Thursday, February 19, 2009

The Pirates are in Court

Case began Monday February 16th




This week marks the beginning of what will most likely be the most important file sharing trial to date. The Pirate Bay, one of the world’s largest torrent sharing websites, from which not only music but full length movies can be downloaded, is being sued in Swedish court by Warner Bros., MGM, EMI, Columbia Pictures, 20th Century Fox, Sony/BMG, and Universal. Court proceedings began Monday morning. The site’s founders, Gottfried Svartholm Warg, Peter Sunde Kolmisoppl, and Fredrik Neij, all pleaded not guilty. The prosecution is claiming that The Pirate Bay is an elaborate criminal organization, complete with financial backers and share holders as well as financial officers. Much attention in the trial thus far has been focused on The Pirate Bay’s selling of advertisement on its site. After lunch, an ironic and highly unpleasant hiccup occurred for the prosecution. Hakan Roswall, head prosecutor and self-proclaimed “expert on computer crimes,” was unable to start his computer, and ultimately was forced to continue his case without any technological aides. Roswall so far is focusing on the volume of traffic the site experienced before it was raided in 2006. During the afternoon proceedings, Peter Sunde sent out a message to his supporters, via the internet, gloating over what he claimed to be an “epic fail” on the prosecution’s part. The case is scheduled to continue into next week.

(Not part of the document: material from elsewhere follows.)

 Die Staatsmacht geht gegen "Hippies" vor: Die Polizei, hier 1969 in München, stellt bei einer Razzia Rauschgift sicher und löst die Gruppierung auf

I have known about this site for some time. Though much of its’ content is illegal, the site contains legal material that can be searched and download from a site that is very easy to navigate. The files don’t actually reside on the site but on the machines of the millions of users who frequent the site via P2P file sharing much like Napster once was. I have recently analyzed the P2P network and have found the following.

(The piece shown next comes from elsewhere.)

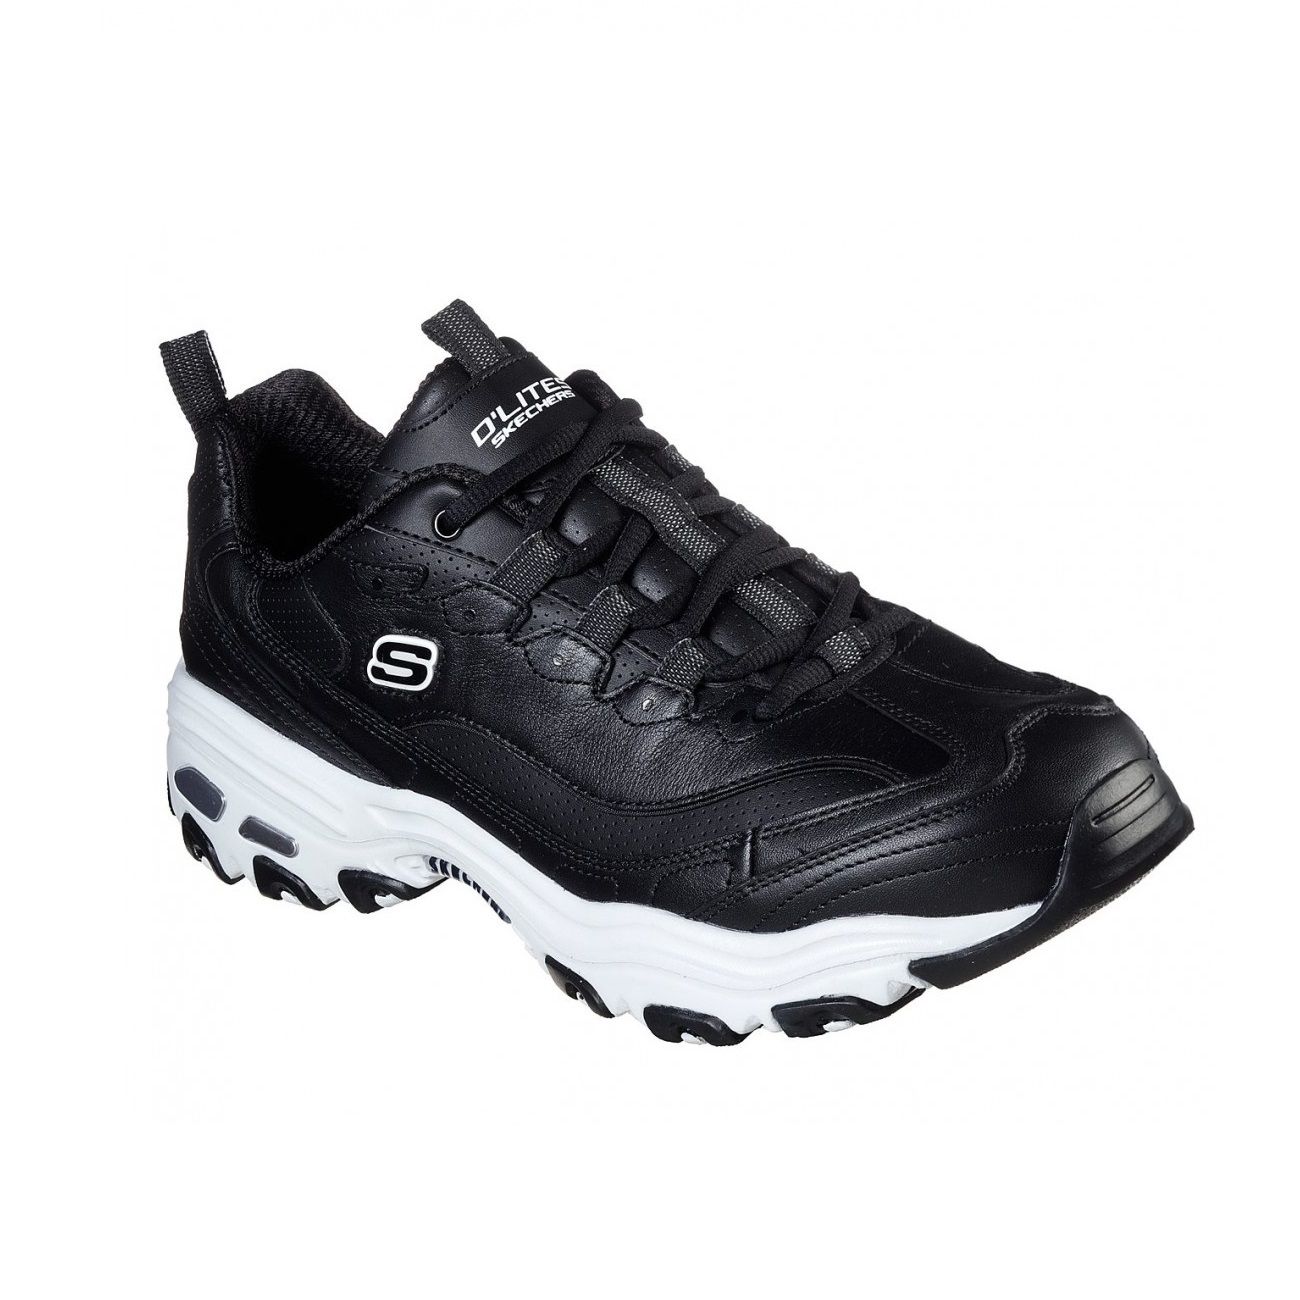 کفش مخصوص پیاده روی مردانه اسکچرز مدل RS 51888 bkw -  - 8

1. Many of the Torrent files contain unknown or scrupulous trackers.
2. After downloading a torrent your machine will be added to a list of other PCs to mask the true location of some copyright or illegal files.

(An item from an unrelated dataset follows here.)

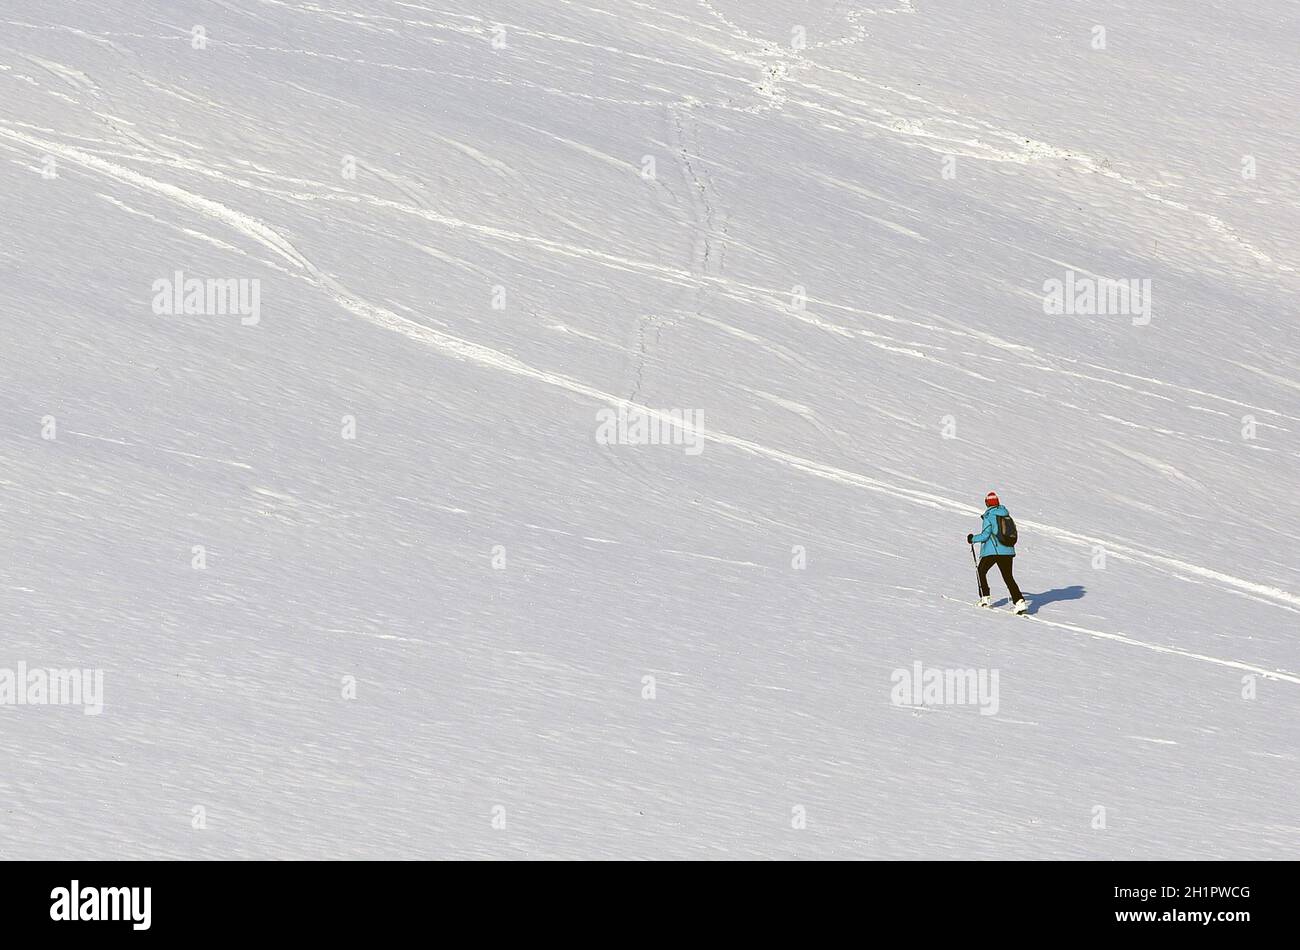 Schitourengeher Altmünster (Bezirk Gmunden, Oberösterreich, Österreich) - Ski tourers Altmünster (distretto di Gmunden, Austria superiore, Austria) Foto Stock

I used Microsoft’s Network Monitor to analyze packets. My machine was receiving request for files I do not have on my PC, never had and never will have. While using BitTorrent I noticed many of the peers listed did not contain the files I was downloading. This activity can spoof the true location of illegal material by flooding the network with spoofed information containing innocent users address. It is no wonder Switzerland has gone after this source but the true bad guys are the trackers providing torrents to underworld files and photographs no one in their right mind would want to be associated with.